The director conceived Fanny and Alexander in the autumn of 1978 when he was living in Munich and was in a state of near despair. In the mid-1970s, the Swedish tax authorities had come after him, accusing him of making false statements about his income. He had briefly been arrested and suffered a nervous breakdown shortly afterwards. Although the charges were eventually dropped, he had felt so affronted and humiliated that he had gone into voluntary exile.
Those close to him have often talked of Bergman’s knack for dramatising events in his own life. The “tax imbroglio”, as the director called it, inspired Fanny and Alexander as much as his vexed relationship with his father did. Stuck in Munich, a long way from home, he decided he “wanted to make a film far different from anything I had ever done”, and to escape into his childhood.
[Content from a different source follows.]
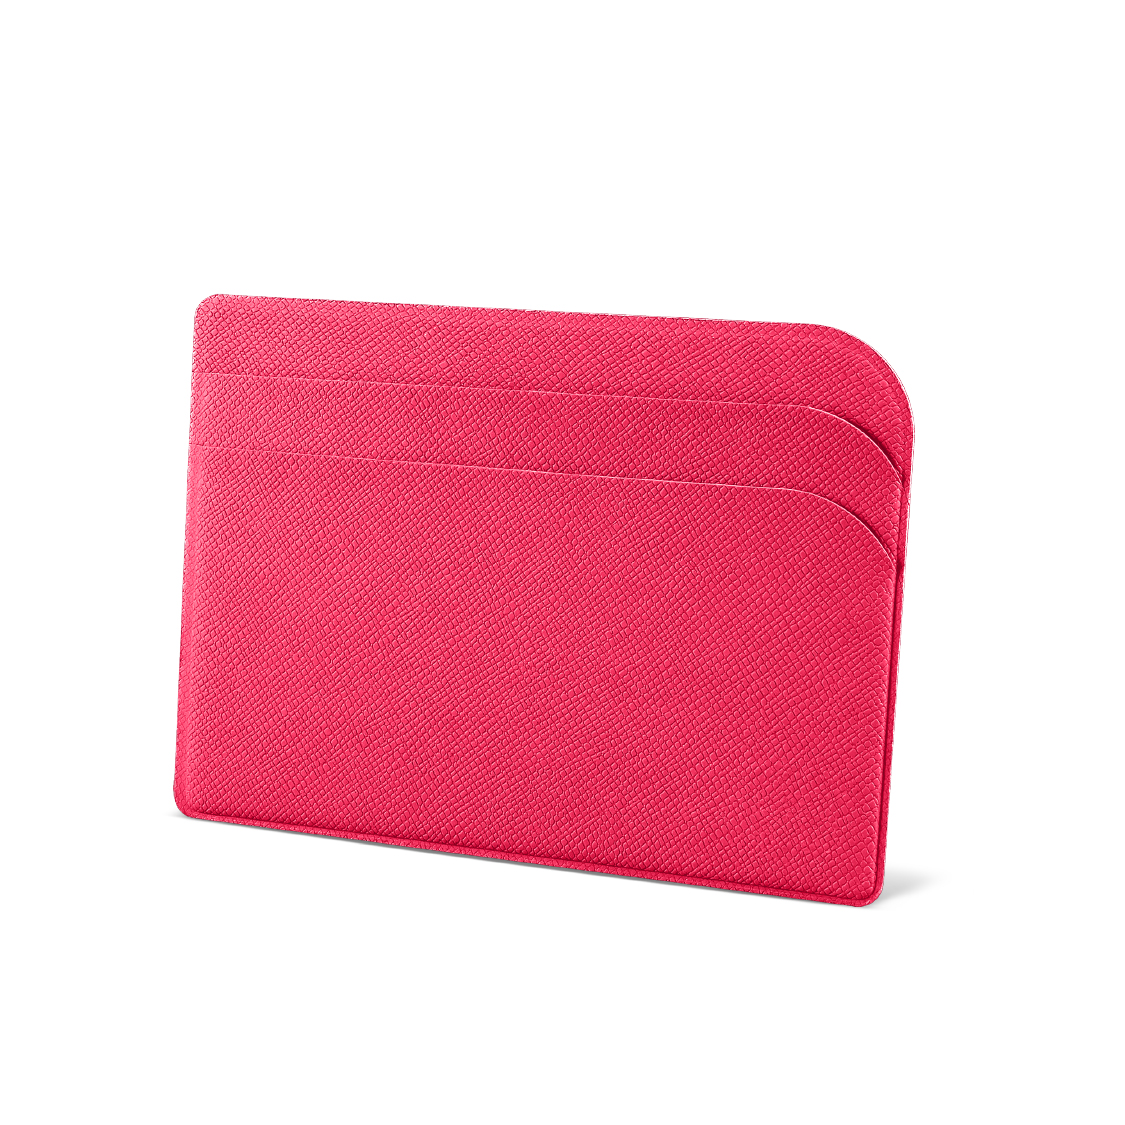 Кредитница/футляр для пластиковых карт малиновый Flexpocket. Цвет: розовый

Don’t look here, though, for the easy consolations of Hollywood’s seasonal movies. Bishop Vergerus is far, far nastier than Scrooge. He is a money-grubbing, wife-abusing, anti-Semite who mistakes austerity for godliness.
As he is punished by his stepfather, Alexander turns his imagination toward revenge. The film itself can be seen as an act of score-settling on its director’s behalf, a way of getting back at those who tormented him as a boy.
With its mysticism, references to poltergeists and voodoo, and its dark stories about drowned children whose presence can still be felt, Fanny and Alexander briefly threatens to turn into a full-blown horror movie. Certain moments, for example the bishop’s contemptuous treatment of the Jewish antique dealer Isak (Erland Josephson), would never be found in mainstream family films. However, this is still seasonal fare, beginning and ending with Christmas celebrations. The christening of two newborn babies adds to the seasonal feel.
Fanny and Alexander, completed in 1982, was Bergman’s “final” feature, although he continued to write screenplays and to direct TV dramas and stage plays until his death 25 years later in 2007. He told The New York Times that it represented “the sum total of my life as a filmmaker… the time with Fanny and Alexander was so wonderful that I decided it was time to stop. To make another picture and have it feel grey and heavy and difficult with lots of problems – that would be very sad.”
“No man is a failure who has friends,” Clarence the angel famously tells James Stewart in It’s a Wonderful Life. You won’t find such glib or sentimental one-liners in Fanny and Alexander, but it was the Swedish director’s “farewell to cinema”. He was determined to end on a note of reconciliation. The film has a generosity of spirit not always found elsewhere in his work. For Bergman to have continued making films about angst, death and despair after this would have seemed like the sheerest humbug.
In Sweden, the film is still warmly embraced. “Everyone knows about it,” Pernilla Wik says. “When we talk about having Christmas with a lot of people, you say, ‘Oh, it’s a Fanny and Alexander Christmas.’”
The sadness, though, is that Bergman has such a daunting reputation that audiences abroad still haven’t taken Fanny and Alexander to heart in the same way they have all those other, far flimsier, seasonal crowd pleasers that fill our screens at this time of year.